Unlike the Dominican League, where he saw some minor struggles, Santana started to make a name for himself during a 41 game stretch that season. Not only did he see his average rise to .346, but with three homers and 30 RBIs, Santana showed everyone that there was some power in that bat, even if limited for this stage in his career. His patience also continued to be impressive, taking 23 walks and striking out 38 times.

That season alone landed him in the Padres top 30 prospect list, and heading into 2020, he had some of the biggest upside of anyone in the system. Then came COVID, as his 2020 season was wiped away despite seeing some action in the fall Instructional League. That was followed by a trade to the Cubs as his days with San Diego were over, and a new chapter was set to begin. Hoping for even better in 2021, the Cubs sent him to Myrtle Beach to start the season, where he endured his share of struggles.

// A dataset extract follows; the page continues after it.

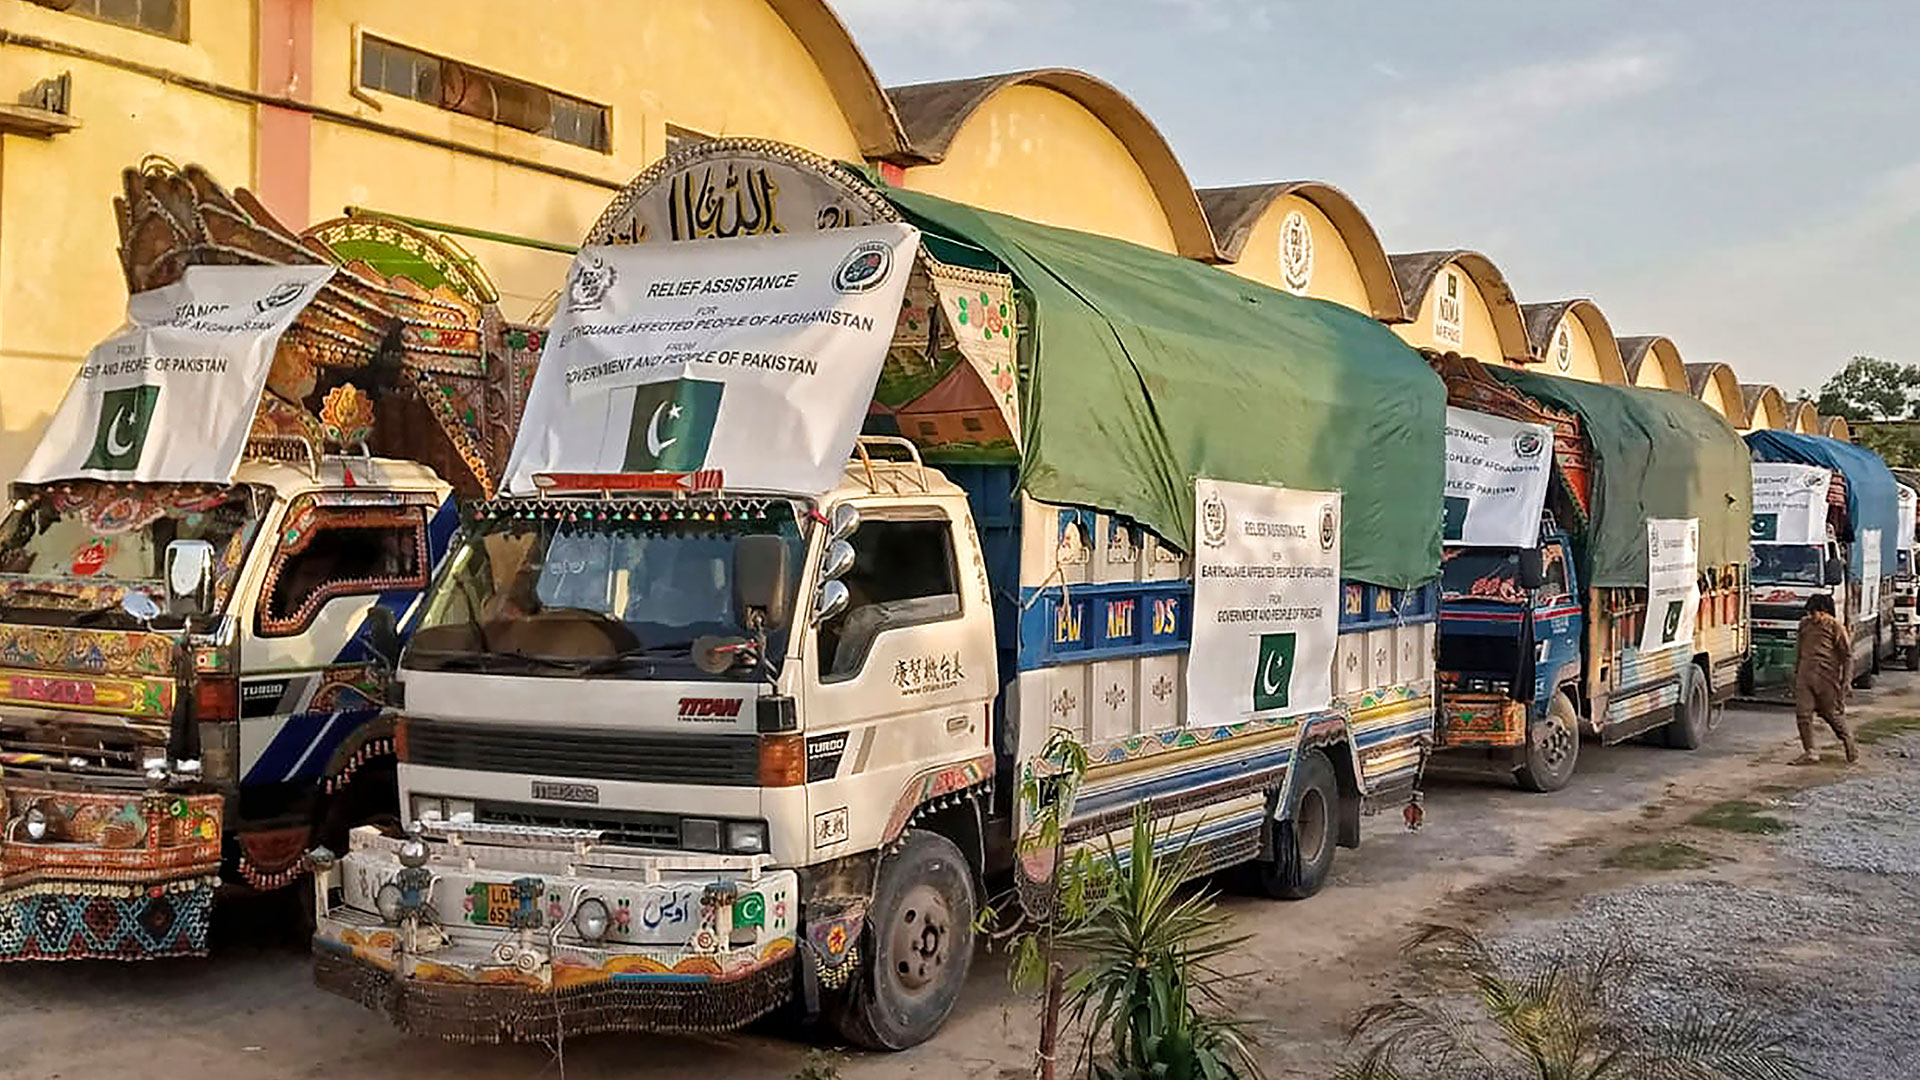 En esta foto publicada por la Autoridad Nacional de Gestión de Desastres de Pakistán, un convoy de camiones que transportan artículos de socorro, incluidas tiendas de campaña, mantas y medicamentos de emergencia para las zonas afectadas por el terremoto de Afganistán, se prepara para partir hacia Afganistán en un almacén en Islamabad, Pakistán, el jueves 23 de junio de 2022 (Autoridad Nacional de Manejo de Desastres vía AP)

In 20 games with the Pelicans, Santana hit just a .147 with no homers and one RBI. He also took nine walks and struck out 28 times as his year off affected him. Instead of watching him struggle, the Cubs sent him back to the ACL, where he looked much better the second half of the season. In 32 games with the ACL Cubs, Santana started to look like the player of old, hitting .292 with one homer and 15 RBIs.

Santana is a selective hitter, but he is a aggressive hitter, advanced for players his age. Although the power numbers haven't shown up, make a mistake in the zone, and he has proven he can do damage with those pitches. That is all you can ask for from a young player. He has a knack for producing elite bat speed, patience, and using the barrel to make solid contact that gives the Cubs hope that more power will follow. Add in his incredible knowledge of the strike zone, and Santana will continue to be a difficult man to strike out.

In the field, Santana is a great defensive player and has all the makings of an everyday shortstop in this league. He is athletic with smooth reactions and possesses an above-average and accurate throwing arm. Santana also has the confidence that makes him believe he can make all the plays, which is crucial for that position. He may not have had the year that Preciado and Caissie had in 2021, but he is still a vital piece to the Cubs future.